The inlet raw water and the outlet wastewater of the two studied STPs were sampled in March and July 2017, and three replicates/site per sampling session were obtained. To reduce any potential variability associated with rain regimes or possible changes in the main flux entering the STPs, the sampling process was repeated for two days. The obtained samples were pooled together. Different volumes of untreated and treated wastewater were sampled [Supplementary Table 1]. As the sampling process, wastewater was pumped from the water stream into the sampling device by using a submersible stainless-steel pump coupled to a rotating bronze head.

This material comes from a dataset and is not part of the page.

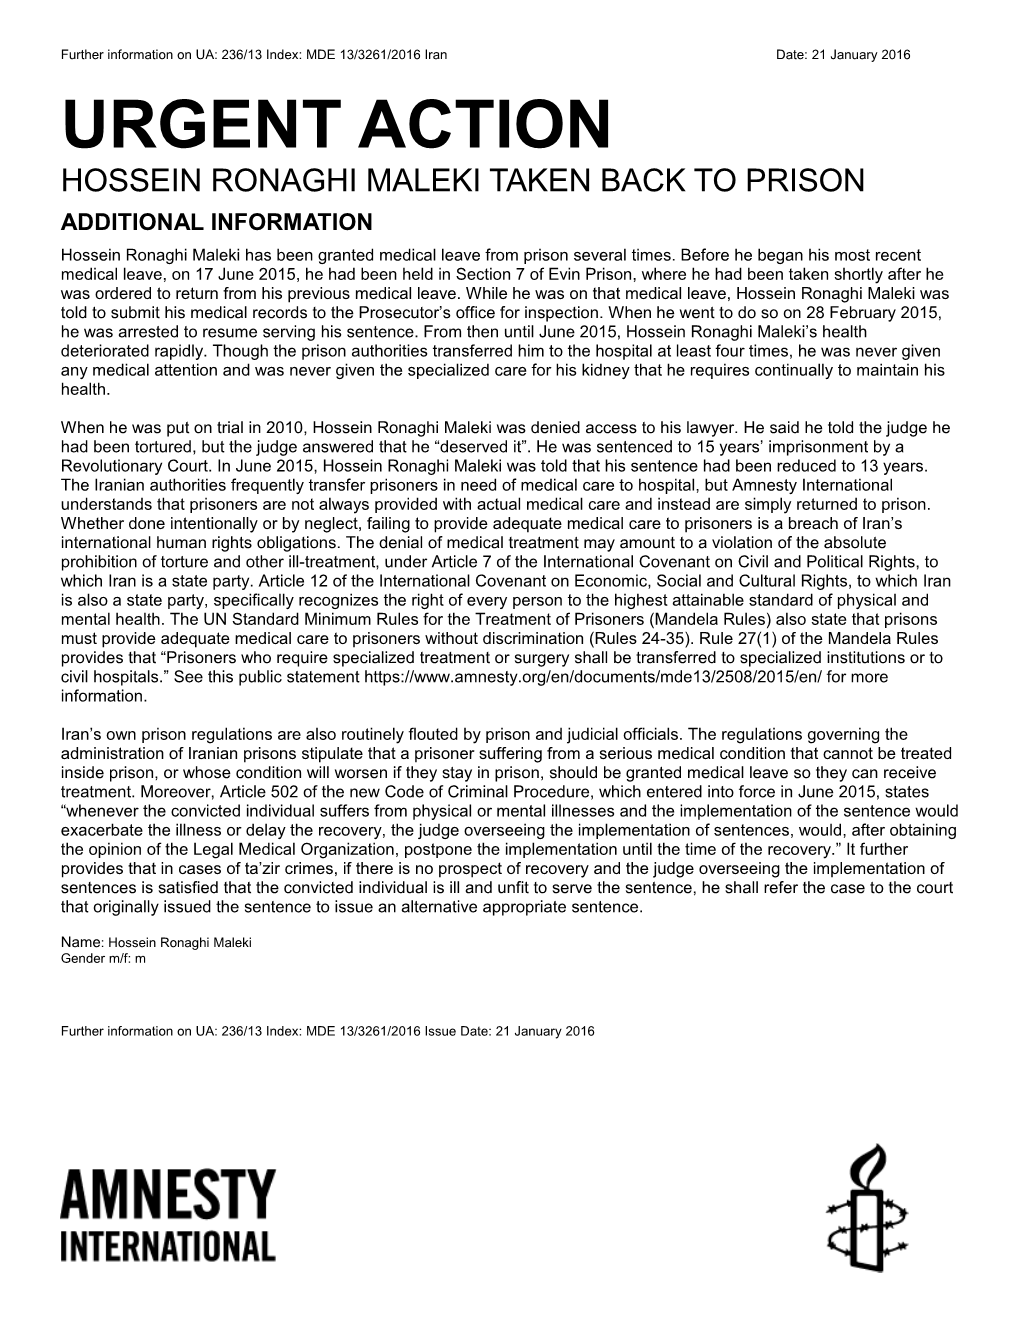 Hossein Ronaghi Maleki Taken Back to Prison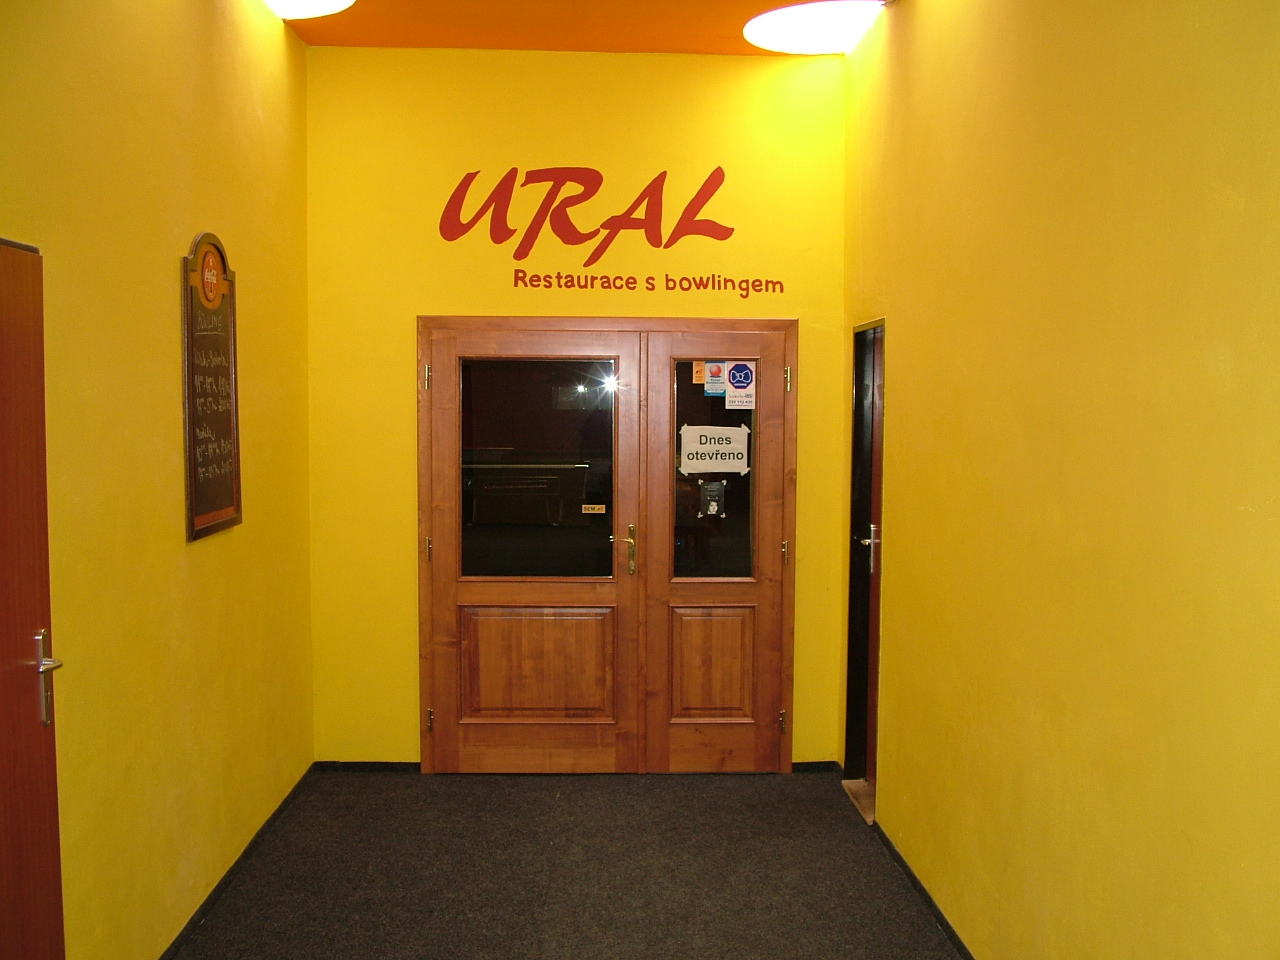 Fotka stavby restaurace Ural

Influents were collected after the wastewater was passed through a coarse screen (1 cm mesh size) to prevent larger debris from clogging or damaging the pump head. Depending on the status of the wastewater, each sampling event lasted 1-2 h with a maximum flow rate of 5 L/min. After each sampling session, both filters were removed, and their contents were quantitatively transferred to pre-cleaned glass jars by back-flushing the filters and using pre-burned stainless-steel spatulas. To prevent any possible cross-contamination, the sampler was flushed with tap water between sampling events. In total, 24 samples were collected in this study.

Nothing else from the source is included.